Search code examples
gitgit-filter-branchbfg-repo-cleanersvn2git

How to delete old/historic Git objects which are no longer in HEAD?


I have a Git repository with nearly 300k commits of over two decades. This repository is the result of a migration from SVN to Git, so I'm free to rewrite history. It has a single branch only and no tags.

Very often, files were added in commits and then removed later on, leaving objects in the repository which I don't want to keep.

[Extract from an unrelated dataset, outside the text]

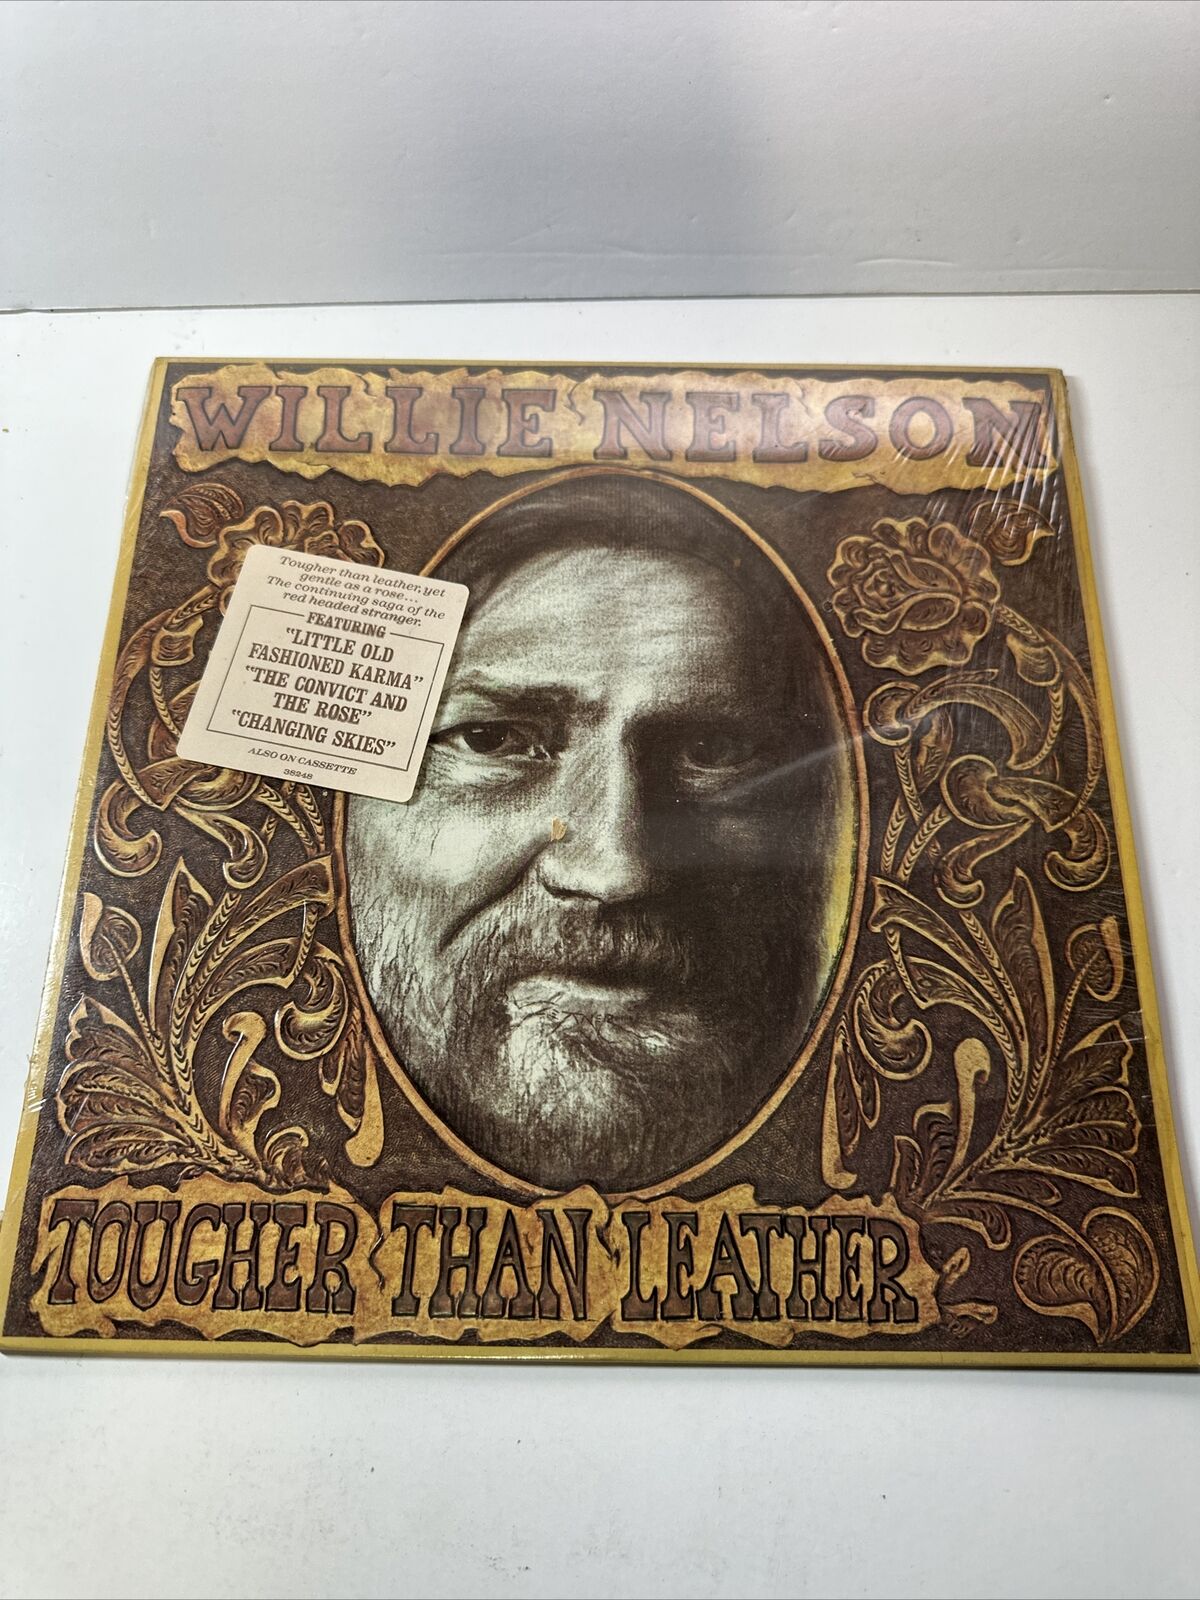 Willie Nelson Tougher than Leather Record Album Vinyl LP - QC 38248 Shrink

How can I unconditionally delete all objects that are no longer in HEAD?

Things I've tried:

  • Both BFG and git filter-branch do not seem to cover this use case (without me writing a script that retrieves all the old object IDs).
  • The Git repository is being migrated (repeatedly in CI, until I'm satisfied with the result) with KDE's svn2git, but its rules do not seem cover this use case either.

I'm not sure if/how git-filter-repo could do this.

EDIT:

For clarification: My ultimate goal is to reduce the repository size while still keeping a maximum amount of history. Over the years, many files (binary files too - small and large ones) were committed and deleted later on. A large repository leads to slow clones, a slow Git CLI, and various issues in other tools (e.g. CI).


Solution

  • Personally, I would use the BFG for this sort of task (I am the author of the BFG, so maybe that's not surprising!), tho' it behaves in a way that is perhaps not ideal given what you're asking for - you're saying "delete all objects that are no longer in HEAD", and technically speaking, this command will do that:

    bfg --delete-files "*"
    

    ...it's saying "delete any file", but because the BFG protects your HEAD commit, your head commit will stay unchanged, with all it's files intact.

    However, perhaps undesirably, the implementation of this particular --delete-files parameter will remove those files from earlier commits, so the result is that pretty much all prior commits will have all files wiped - you can see that looking at this HEAD commit here - all files are preserved from the original commit, but they appear to have been all suddenly introduced just with the latest commit:

    https://github.com/bfg-repo-cleaner-demos/rails-with-all-non-head-files-deleted/commit/b689725edf03b86c31dc3e8d589fd01c0435ec8c

    Another approach with the BFG is to use the --strip-blobs-with-ids parameter, which is much more specific, but as you've noted, you would probably need to write a script to find out the blob ids for every single file that's not in the HEAD commit.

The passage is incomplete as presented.